North Attleborough’s Town Election will take place on Tuesday, April 2, with polls at the North Attleborough High School open from 7 a.m.-8 p.m.

The School Committee is the sole contested race, with five candidates running for three seats. Charlie Peters is one of those candidates, and responded to a series of questions from the North Star Reporter.

  • Occupation: Bridgewater State University’s director of digital communications (social media and digital content)
  • Past positions/employers: Reporter at the Brockton Enterprise, education reporter at the Pasadena Outlook, sports correspondent at Boston Globe and Los Angeles Daily News)
  • Married to Meaghan, past president of Community School PTO. Two children: Penelope (8) and Elliotte (4)
  • Age: 37
  • Education: Masters of Public Administration from Bridgewater State University and Bachelors of Arts in English from University of Massachusetts, Boston.


Please list any experience on other boards, committees or organizations.

–       PTO volunteer, Community School

–       Presidential Task Force on Student Experience, Bridgewater State University (BSU)
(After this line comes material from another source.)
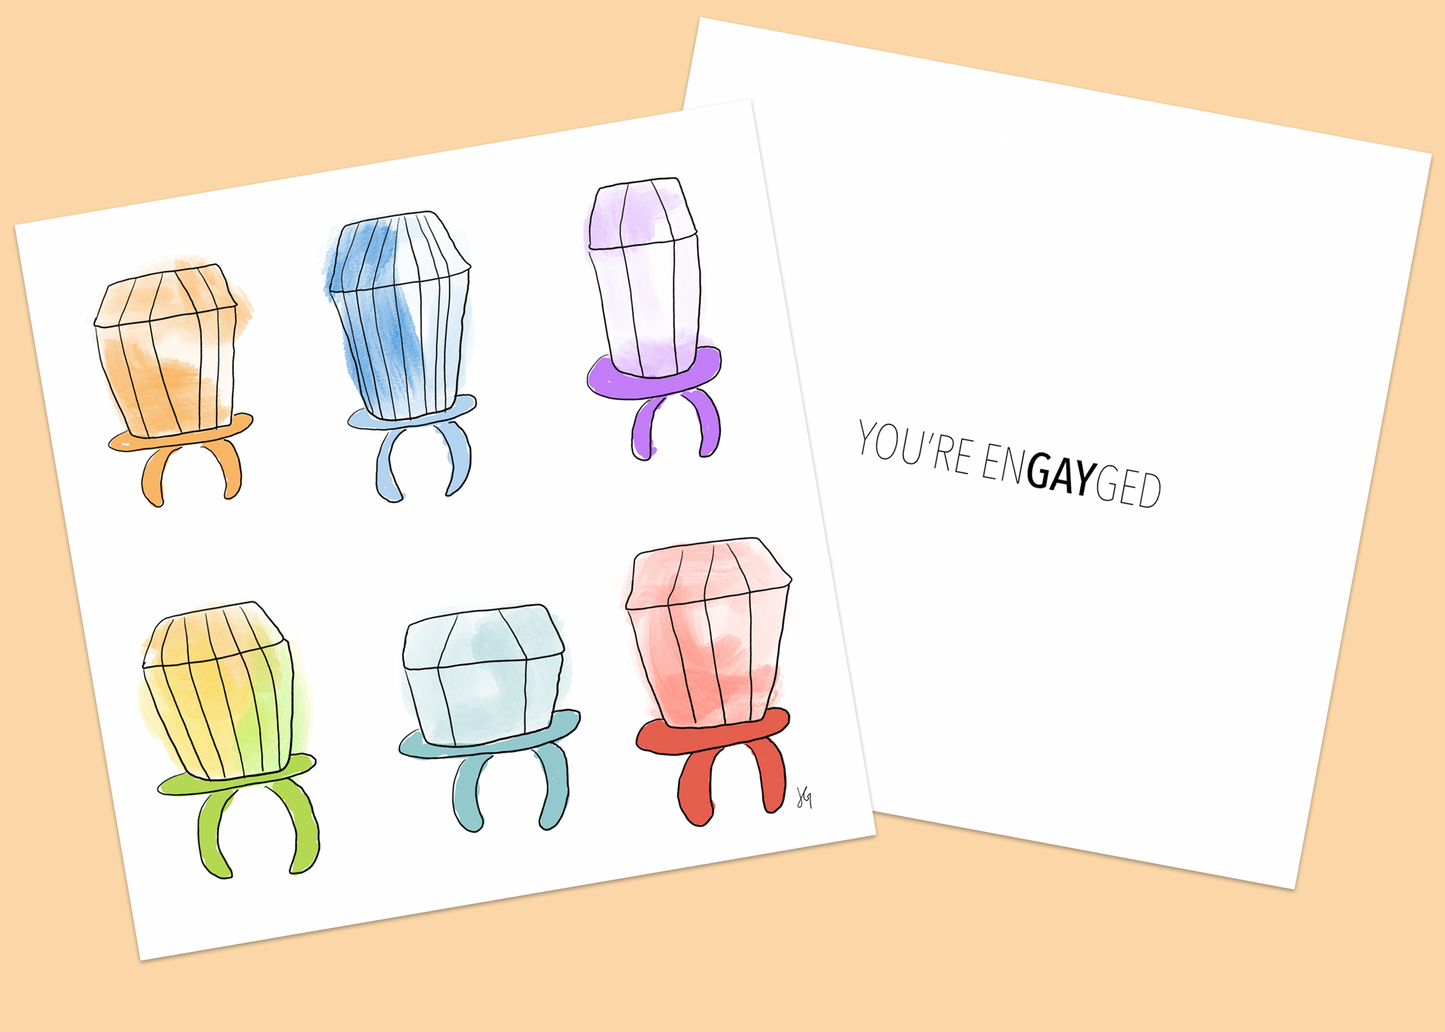 You're EnGAYged - Card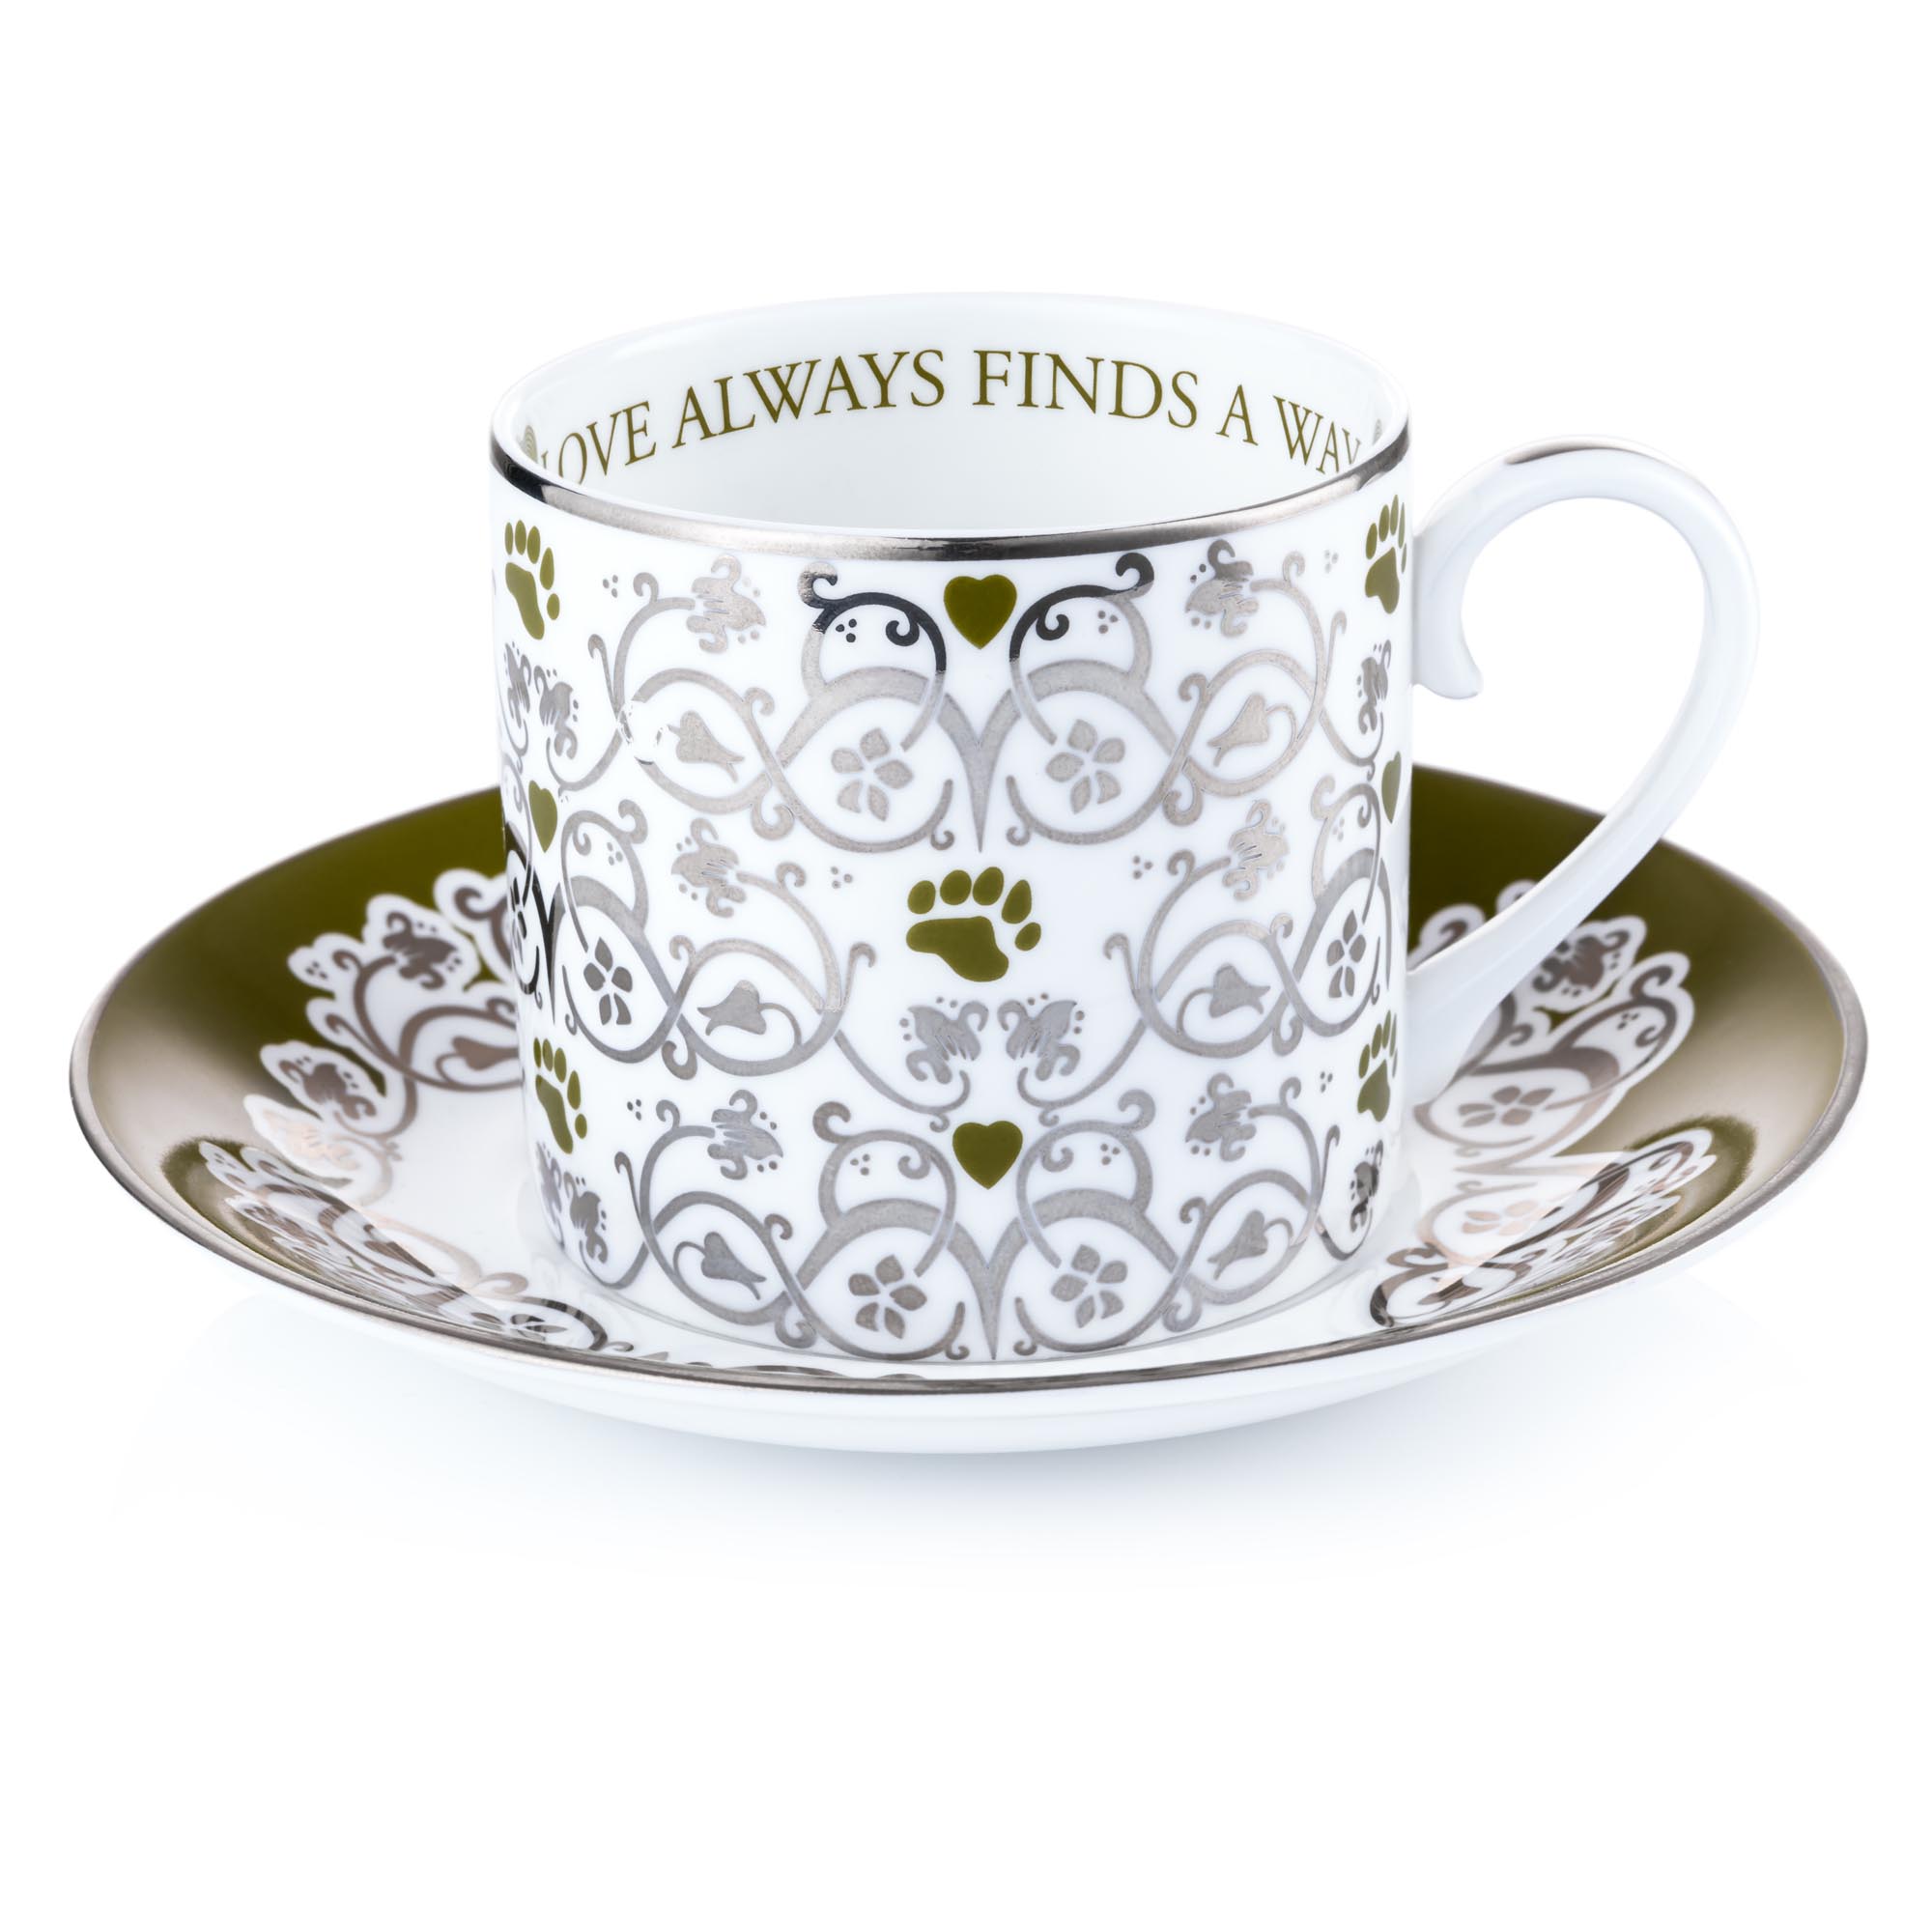 Charlie Bear Cup and Saucer - Love Always Finds a Way

–       Network of Schools of Public Policy, Affairs, and Administration (NASPAA) Accreditation Graduate Student Committee, BSU

–       Crisis Communications Committee, BSU

–       Inclement Weather Committee, BSU

–       Graduate Professional Student Association, BSU

Why are you running for this position? 

I’m running for one of the three seats up for election this year because my career experience in higher education and my academic background in public policy both align with the School Committee’s core duties.

Additionally, my professional work in institutional communications can provide value for the North Attleborough school community as we improve the clarity, consistency, and accessibility of our messaging.

Finally, I’m running because I’m a parent of a Community School third-grader and a soon-to-be-kindergartener. My wife and I are personally invested in the long-term success of this district and will always support our schools with public service.

If elected, what issues would you like to focus on? 

I would focus on communication, both from the district to the committee and from the committee to the public — and it’s about more than transparency. While district information is readily available online, it isn’t always digestible or actionable for our stakeholders. We need to not only inform the community but engage them. I want to focus on optimizing how, where and when we communicate with the public.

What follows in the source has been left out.